Exercise>
Pictures in the data should be dropped; transcribe exactly the lines from the one that has "Historias de un" through the one that has "Η McLaren ξέχασε".

:: Records shown

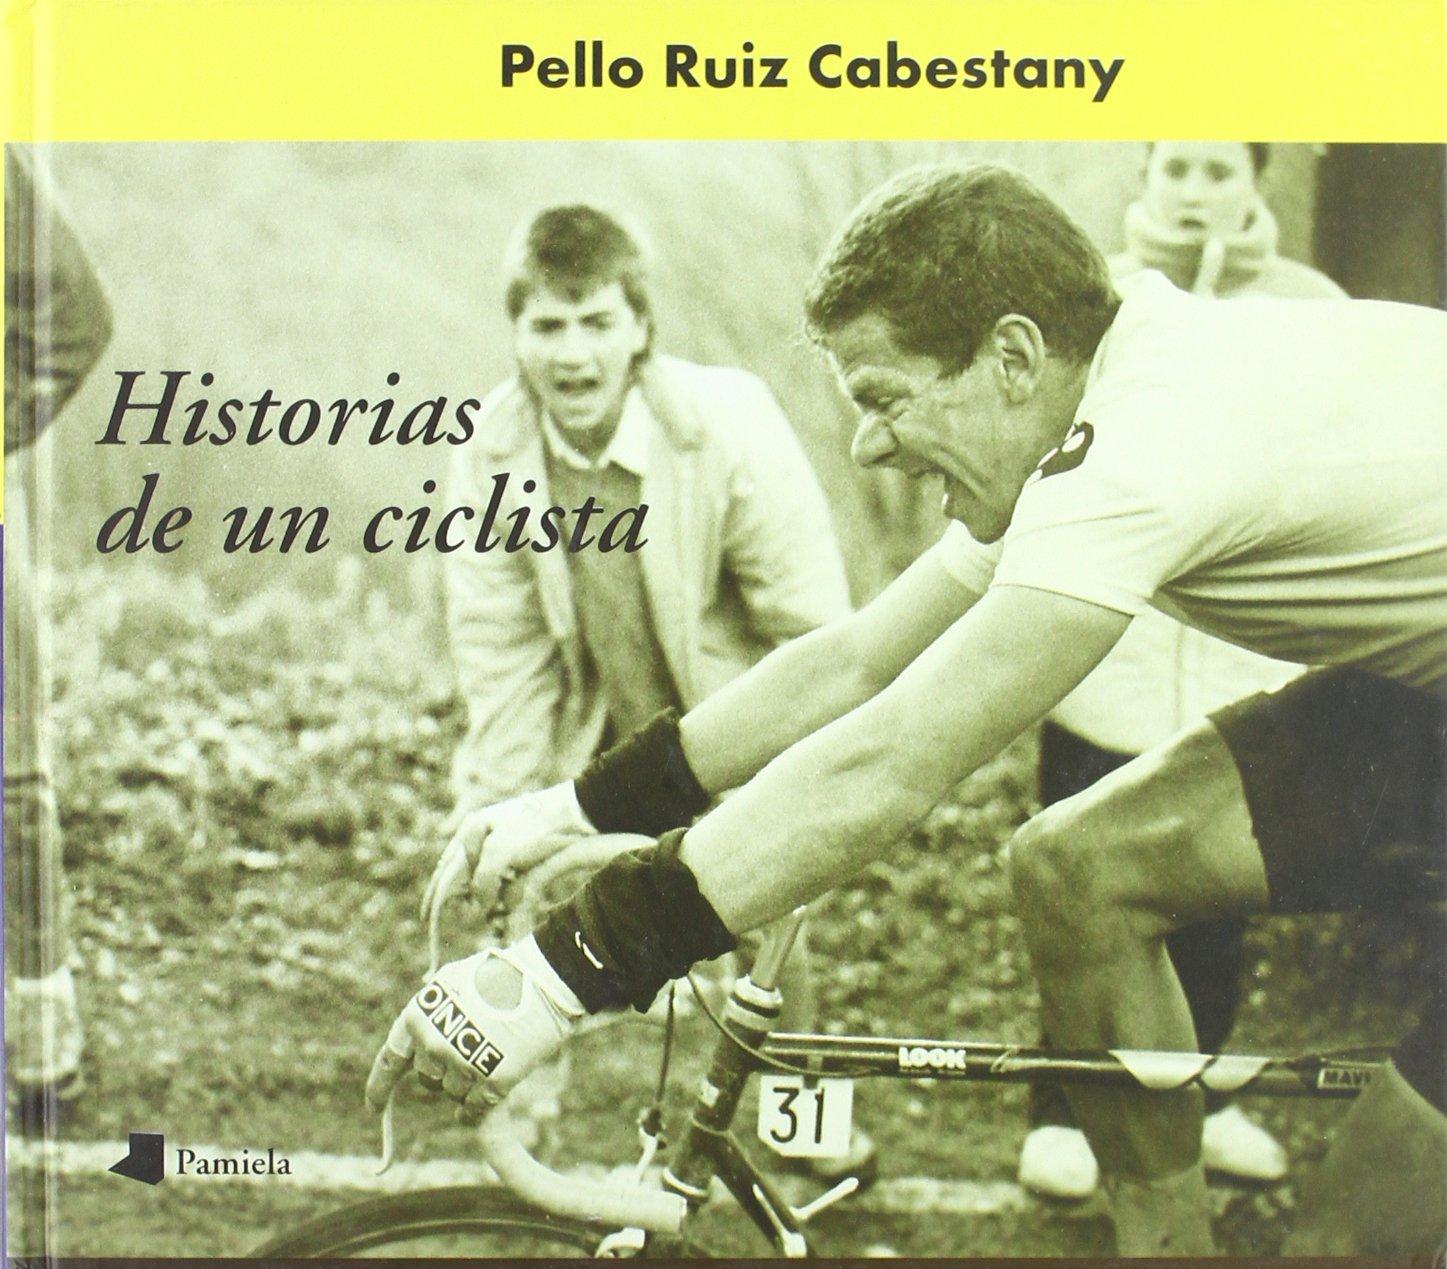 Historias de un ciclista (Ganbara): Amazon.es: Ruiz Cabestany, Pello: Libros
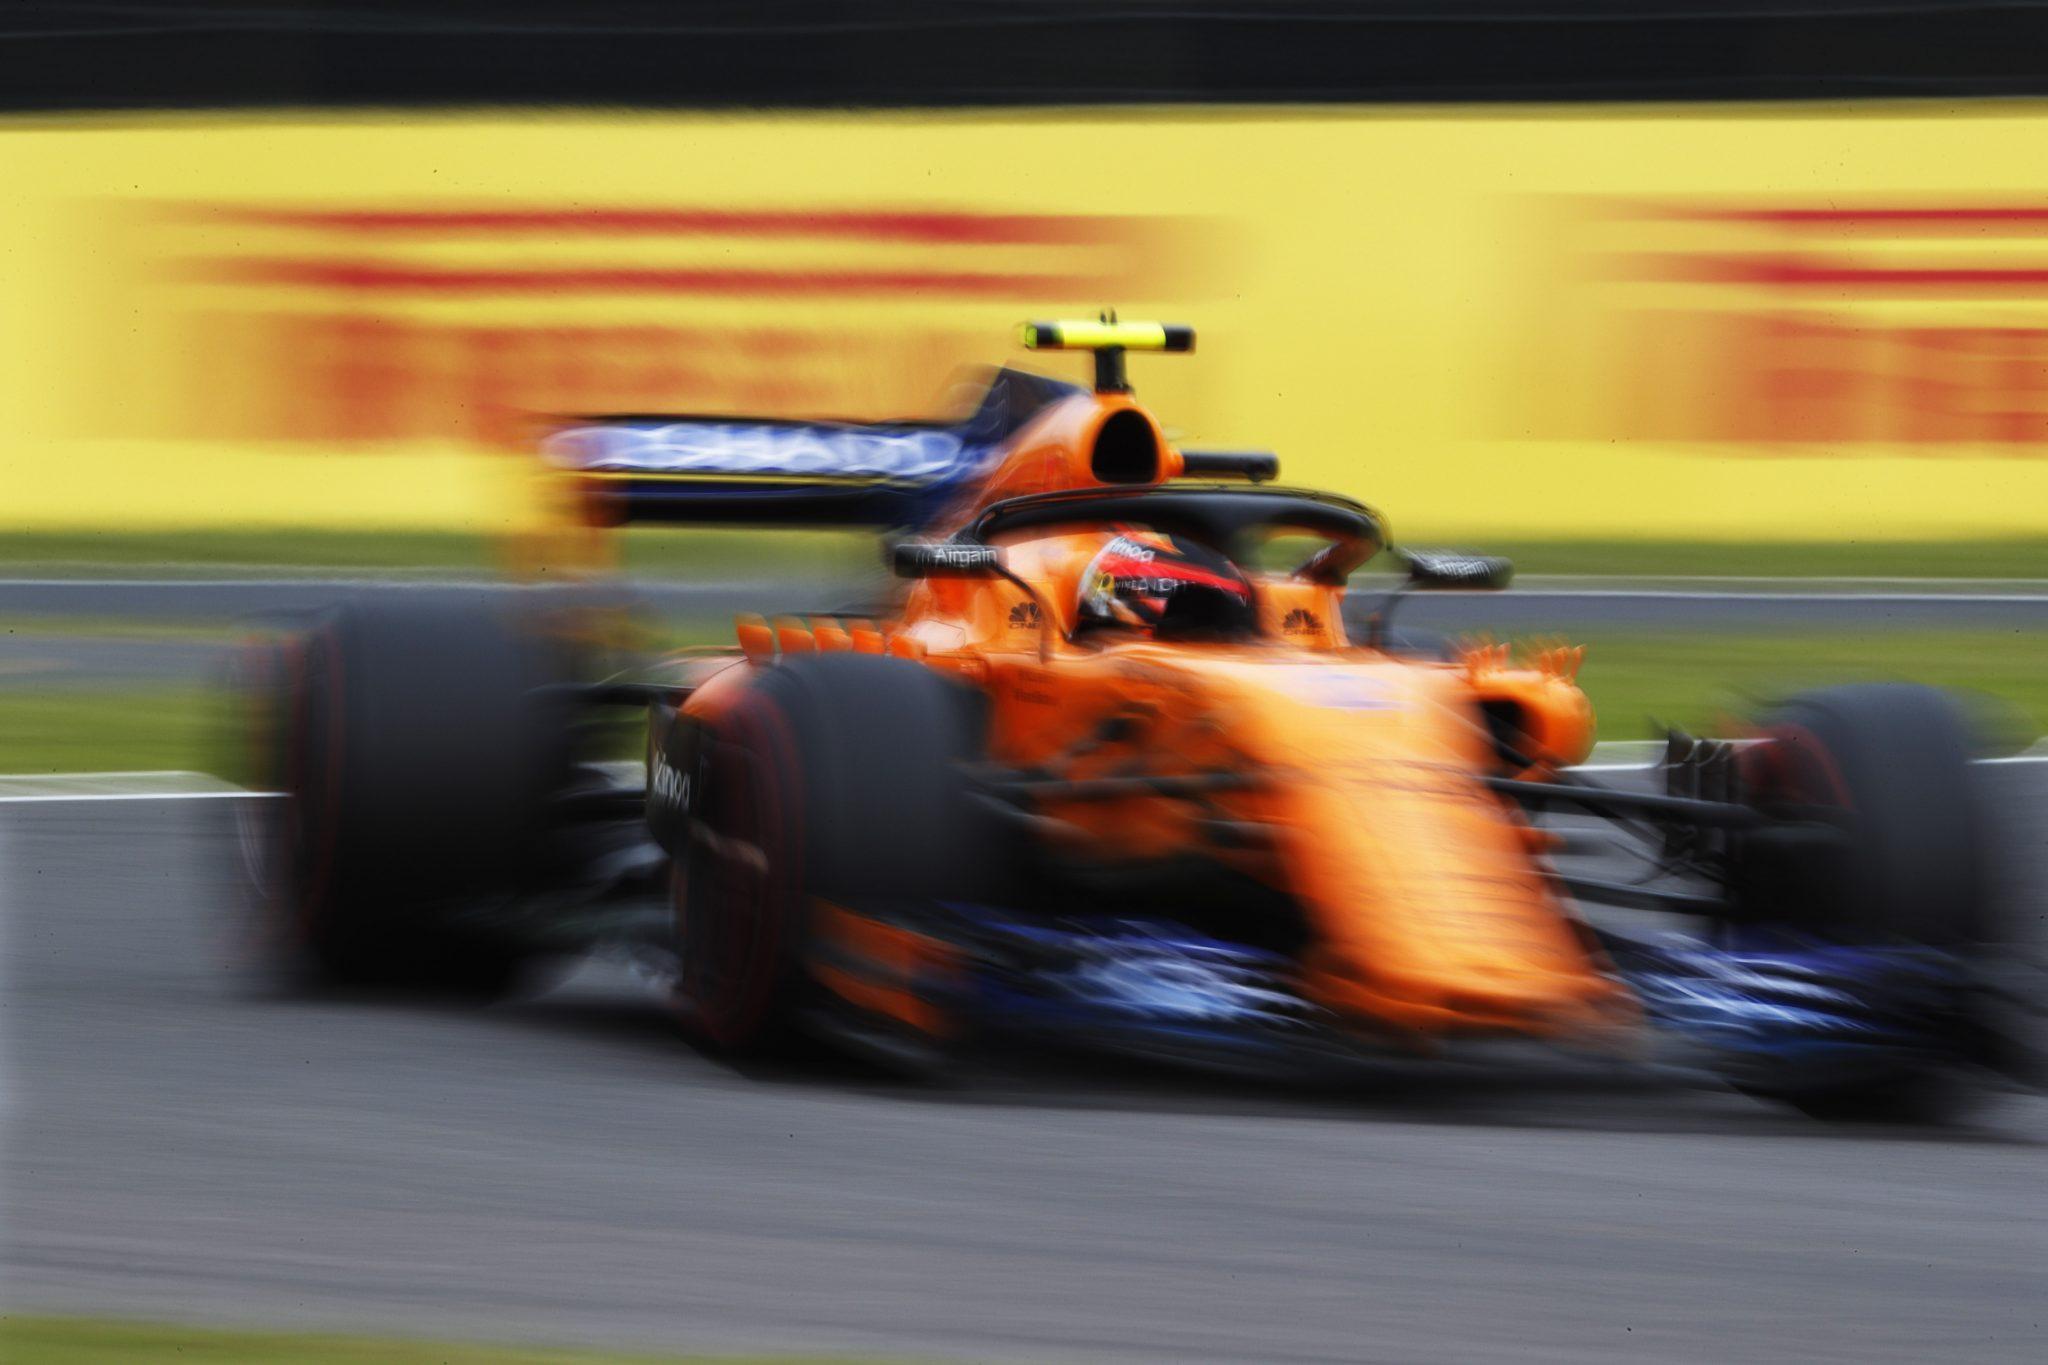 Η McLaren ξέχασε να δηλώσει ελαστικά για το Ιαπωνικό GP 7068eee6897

::::
:: Records shown

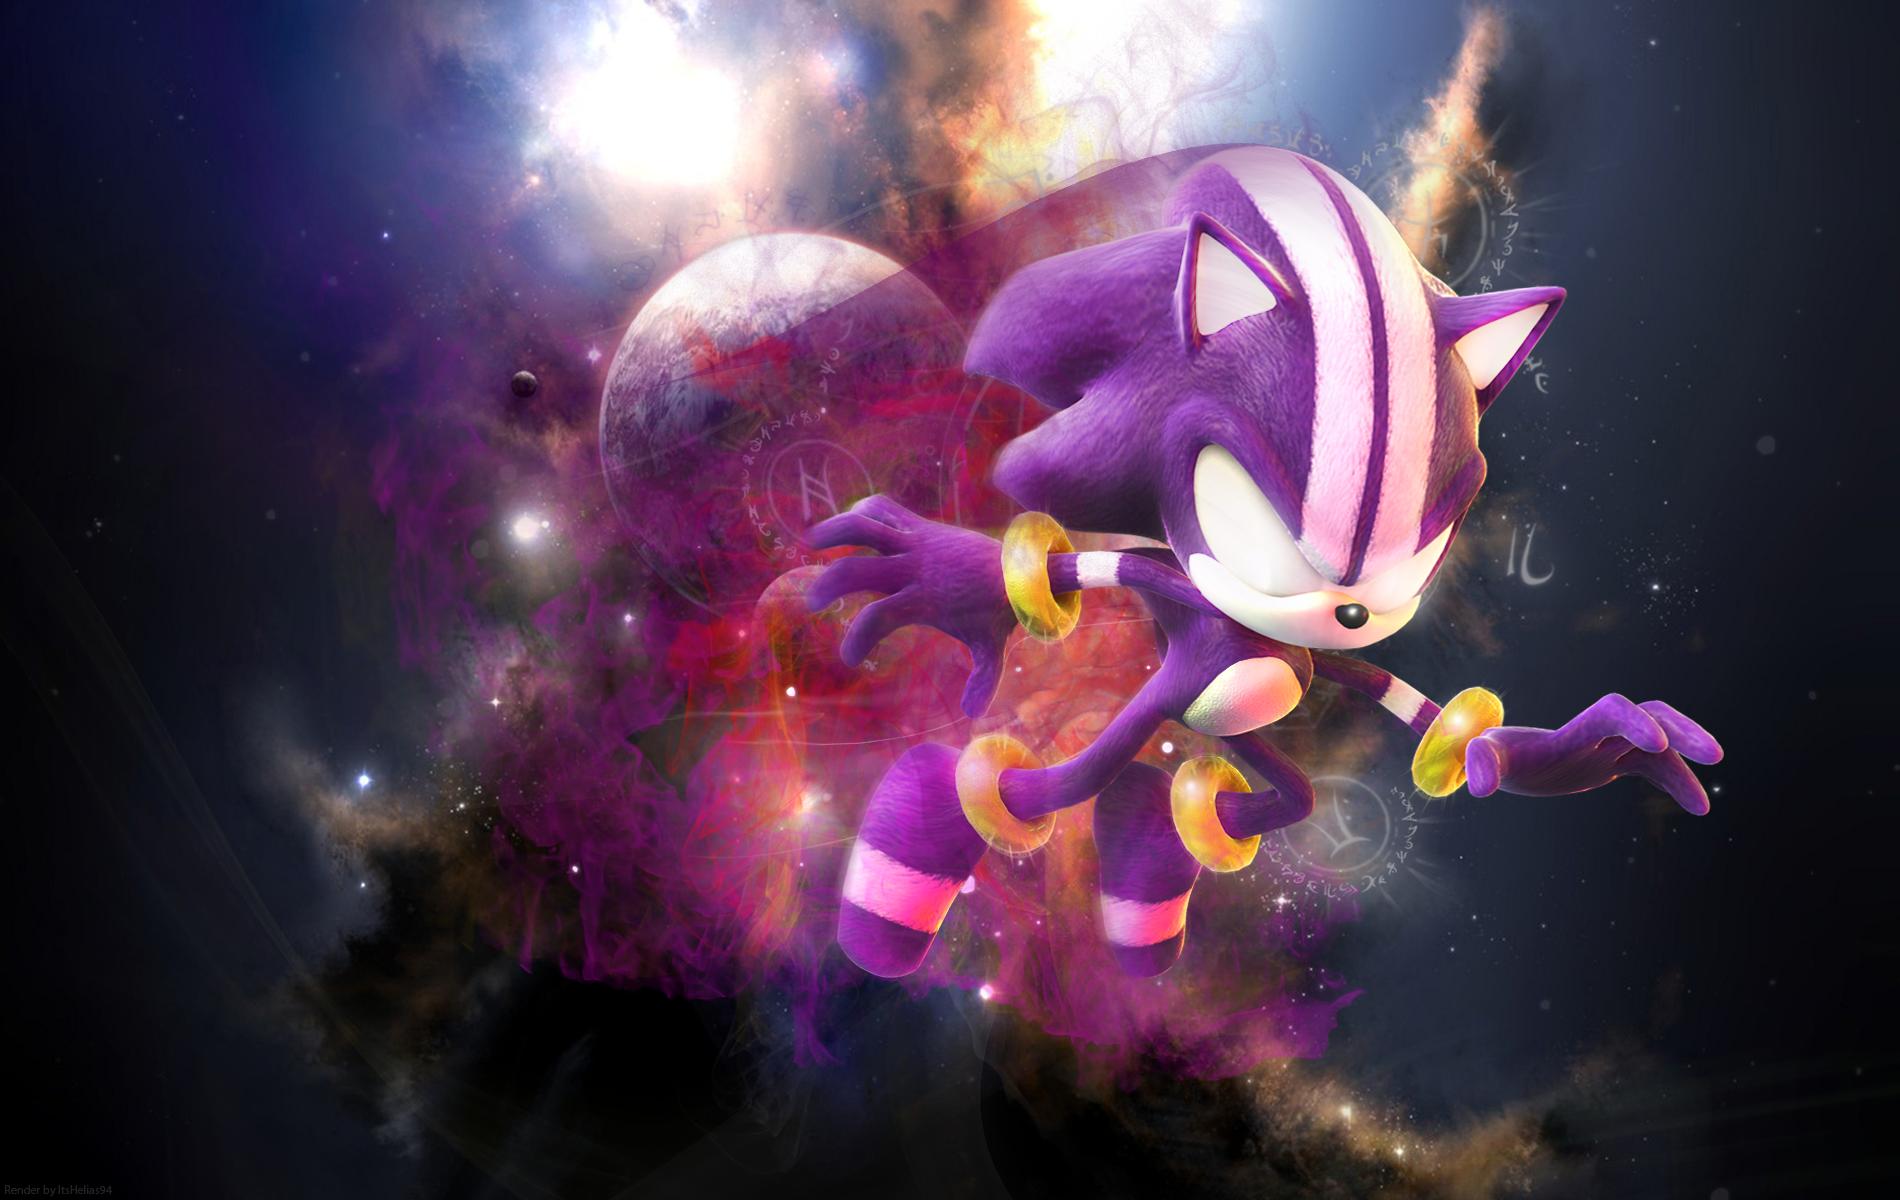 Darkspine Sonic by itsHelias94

::::

Response to this exercise>
 Historias de un ciclista (Ganbara): Amazon.es: Ruiz Cabestany, Pello: Libros
 Η McLaren ξέχασε να δηλώσει ελαστικά για το Ιαπωνικό GP 7068eee6897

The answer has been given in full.